All lines from the one containing "the cavalier king" through the end of the material below are to be printed exactly, both ends included, minus pictures.

[[ DATA BLOCK, beginning ]]

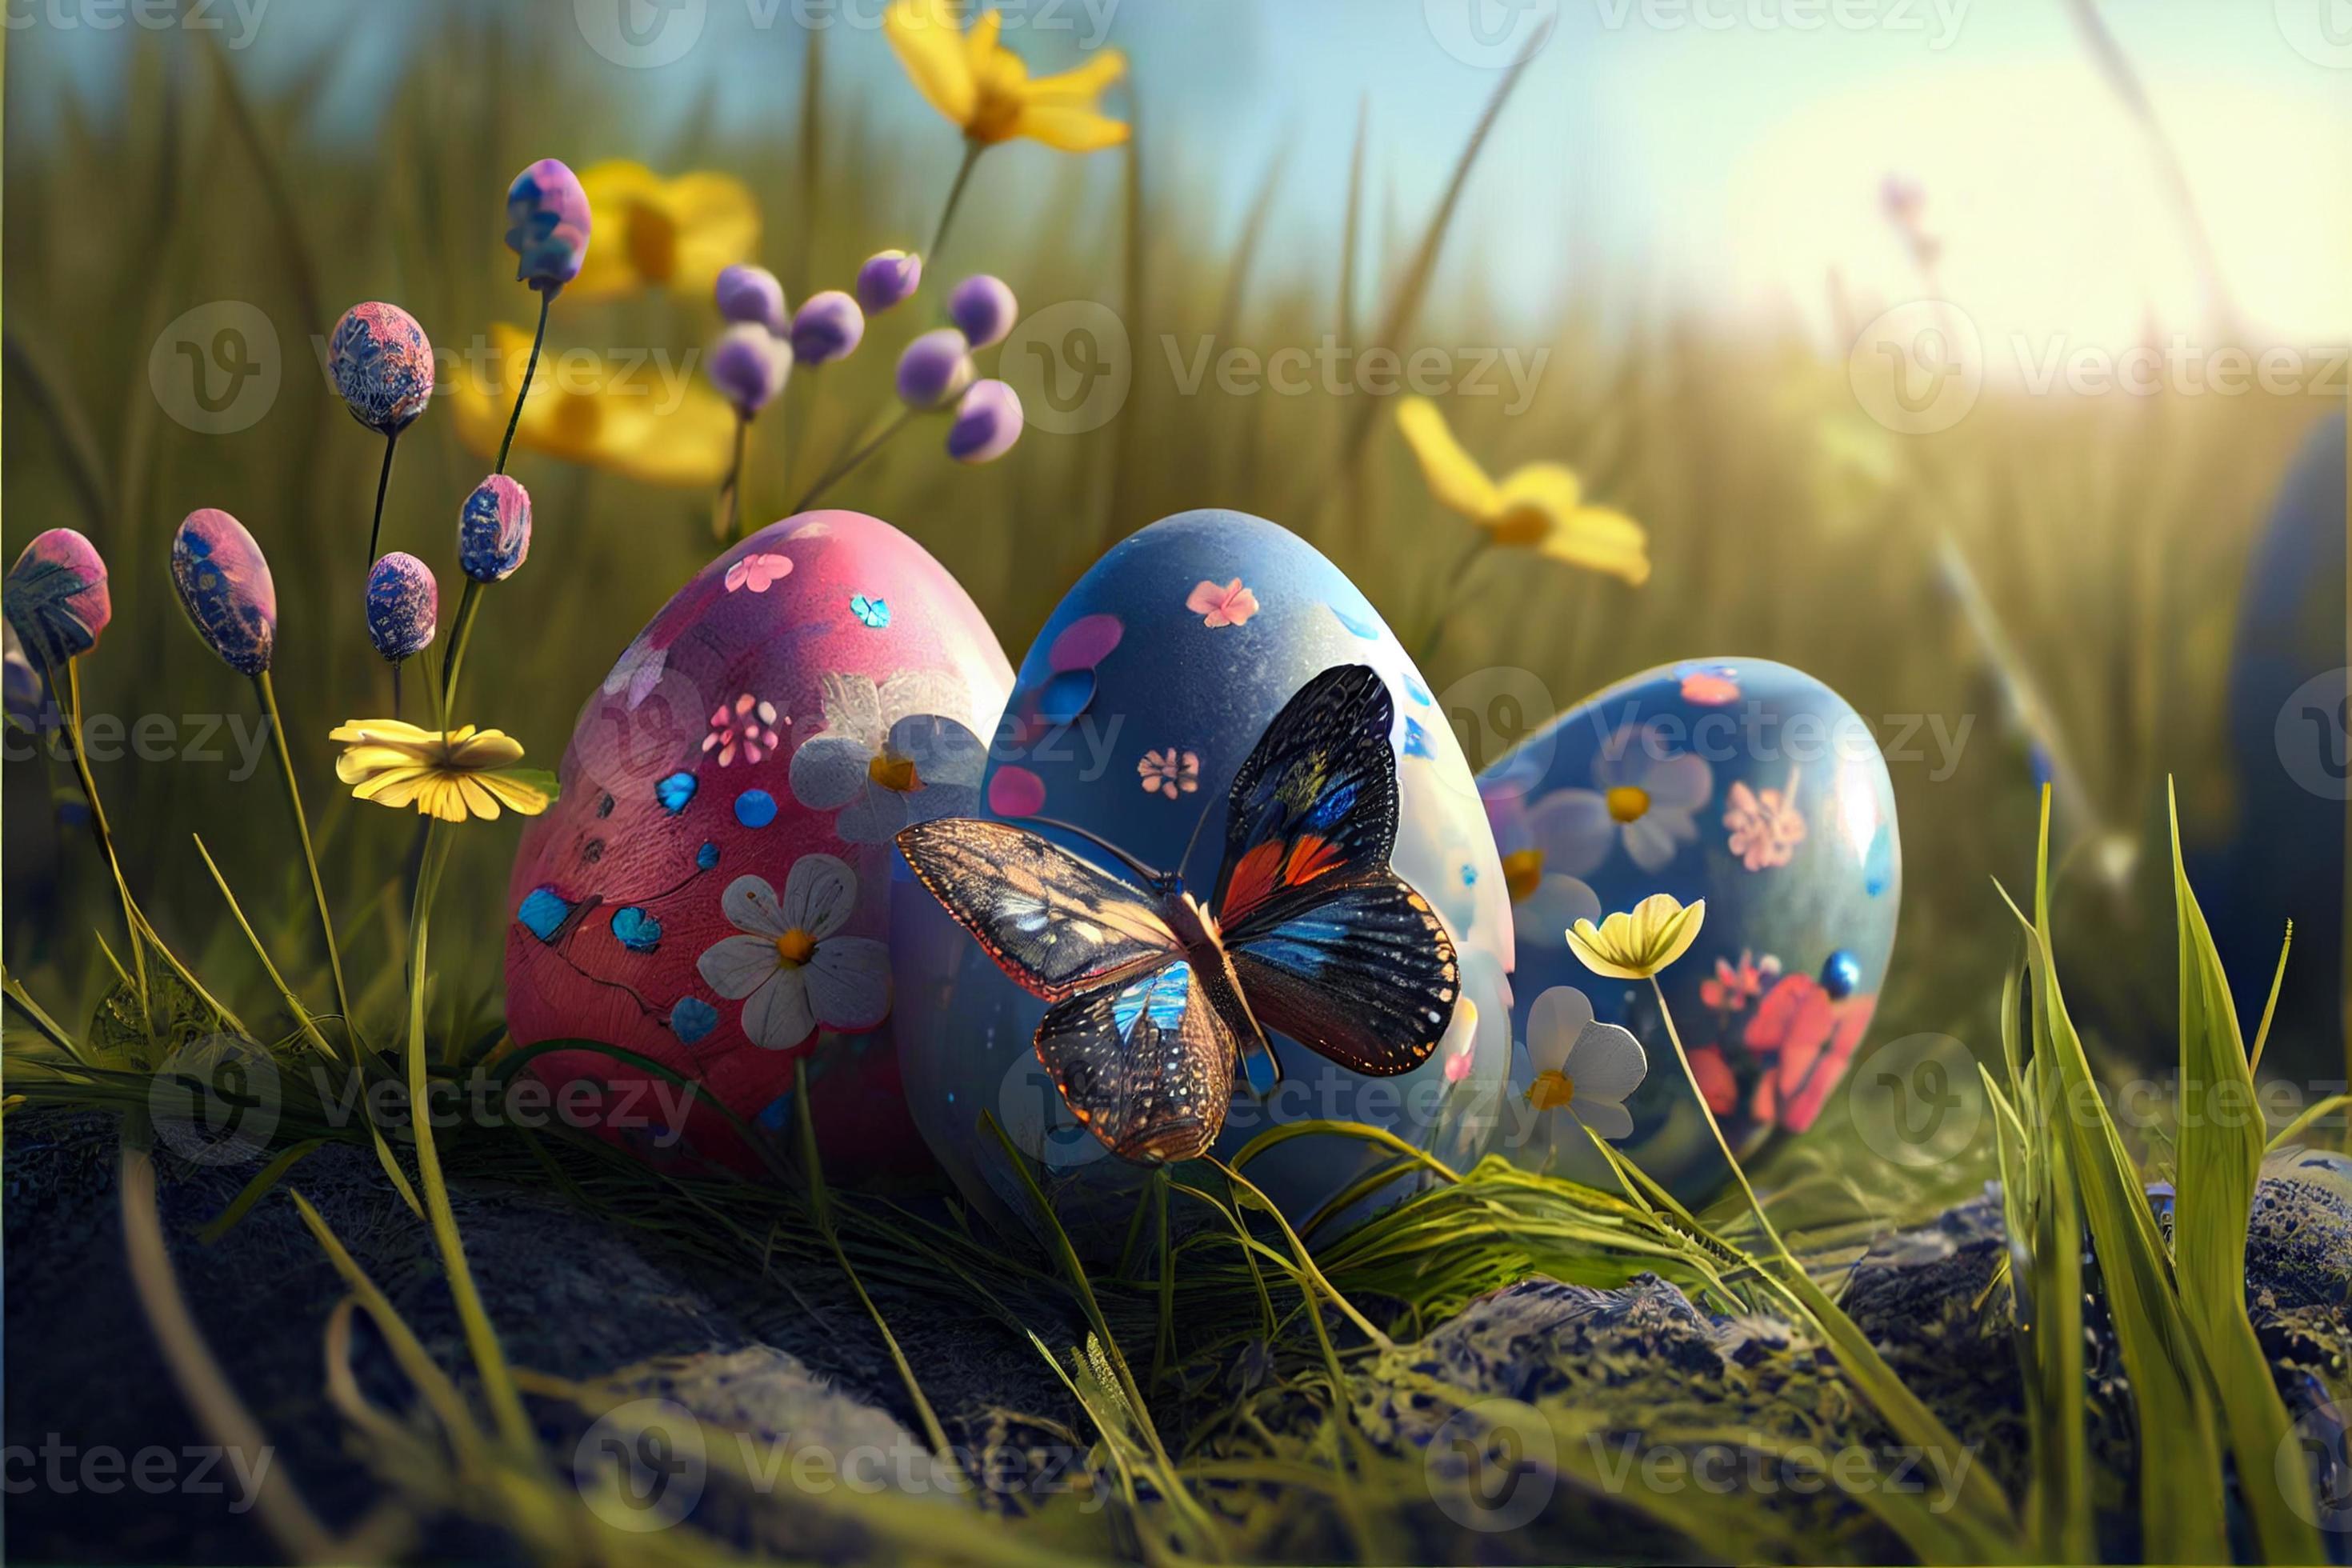 Easter, April 9, Christian Day To commemorate the resurrection of Jesus, a symbol of hope, rebirth and forgiveness, the Easter Egg Hunt decorates eggs with patterns and bright colors. 16703924 Stock Photo
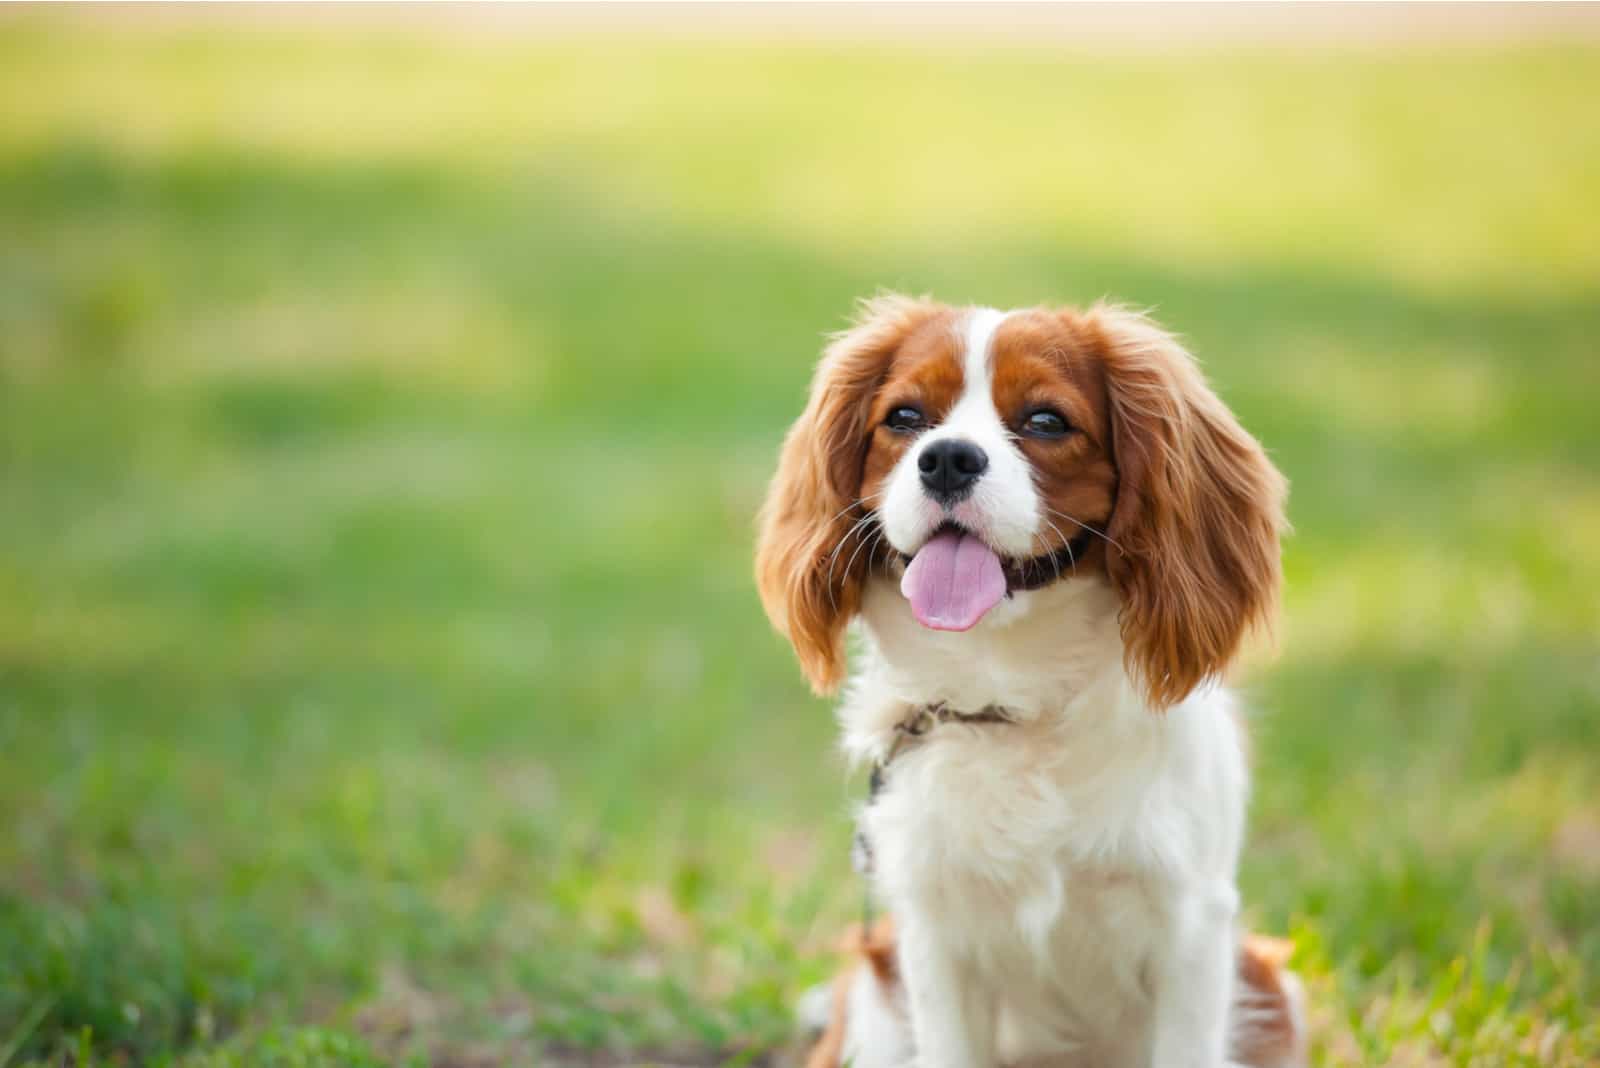 the cavalier king sits on the grass with his tongue out
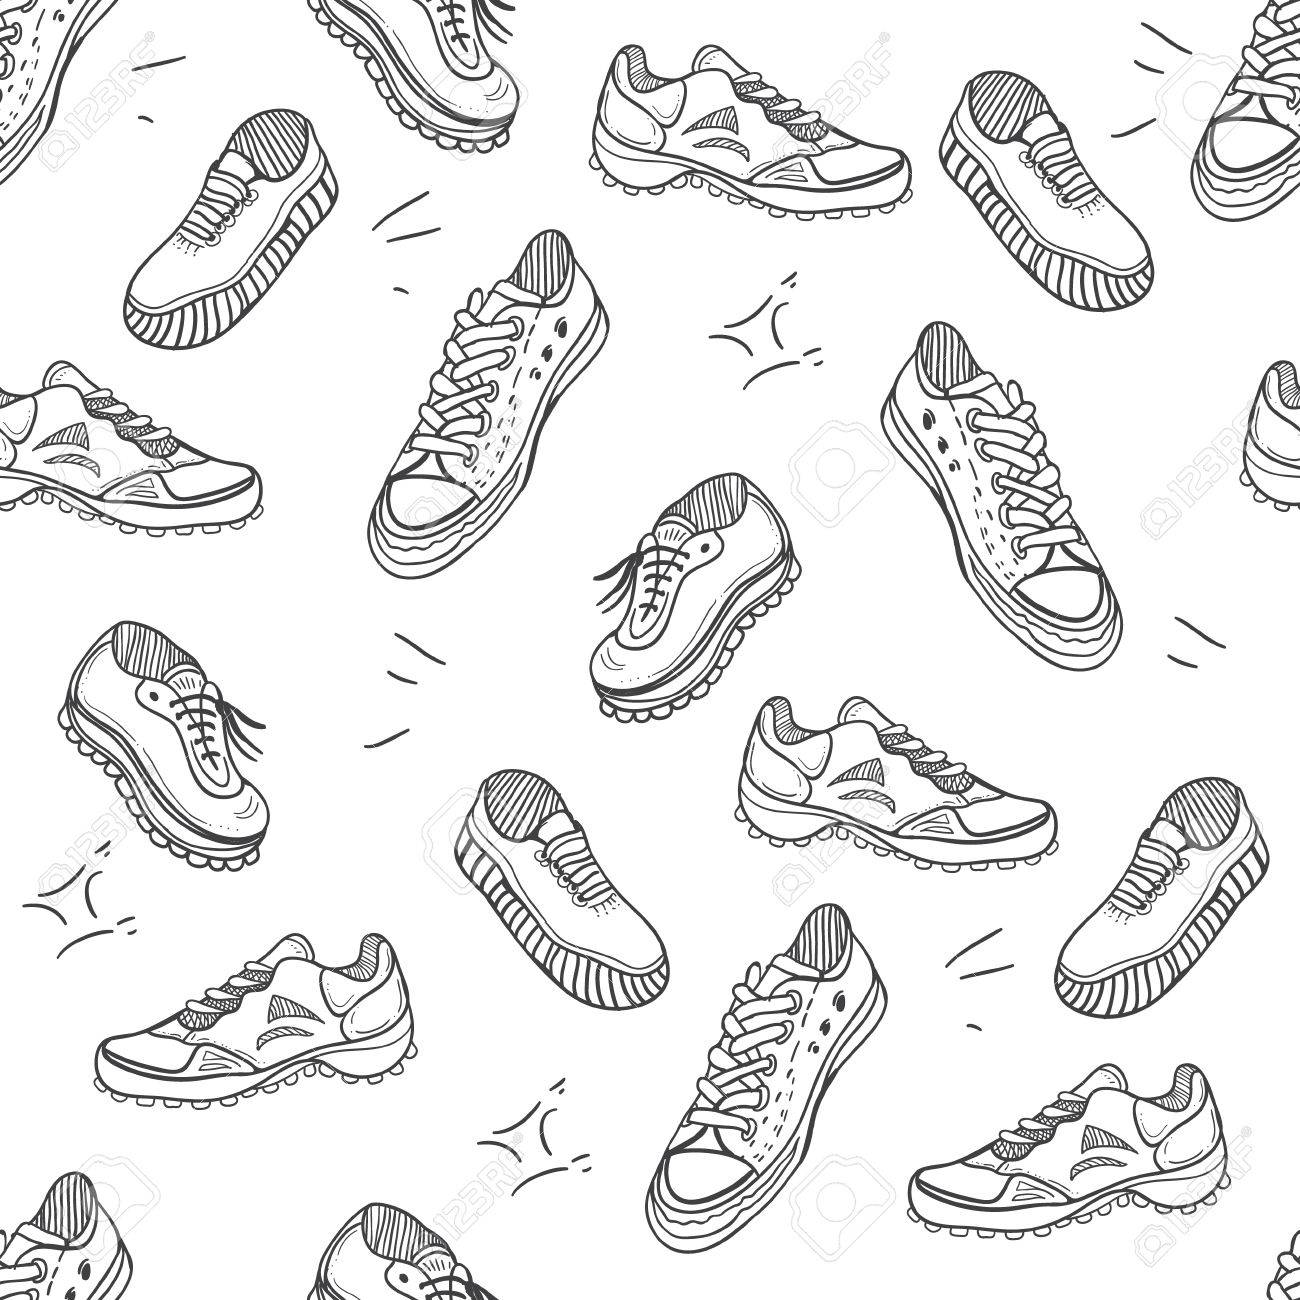 Boots Doodle Pattern Background With Shoes Sneakers

[[ DATA BLOCK, end ]]

● **ANSWER TO THE PROBLEM**:
 the cavalier king sits on the grass with his tongue out
 Boots Doodle Pattern Background With Shoes Sneakers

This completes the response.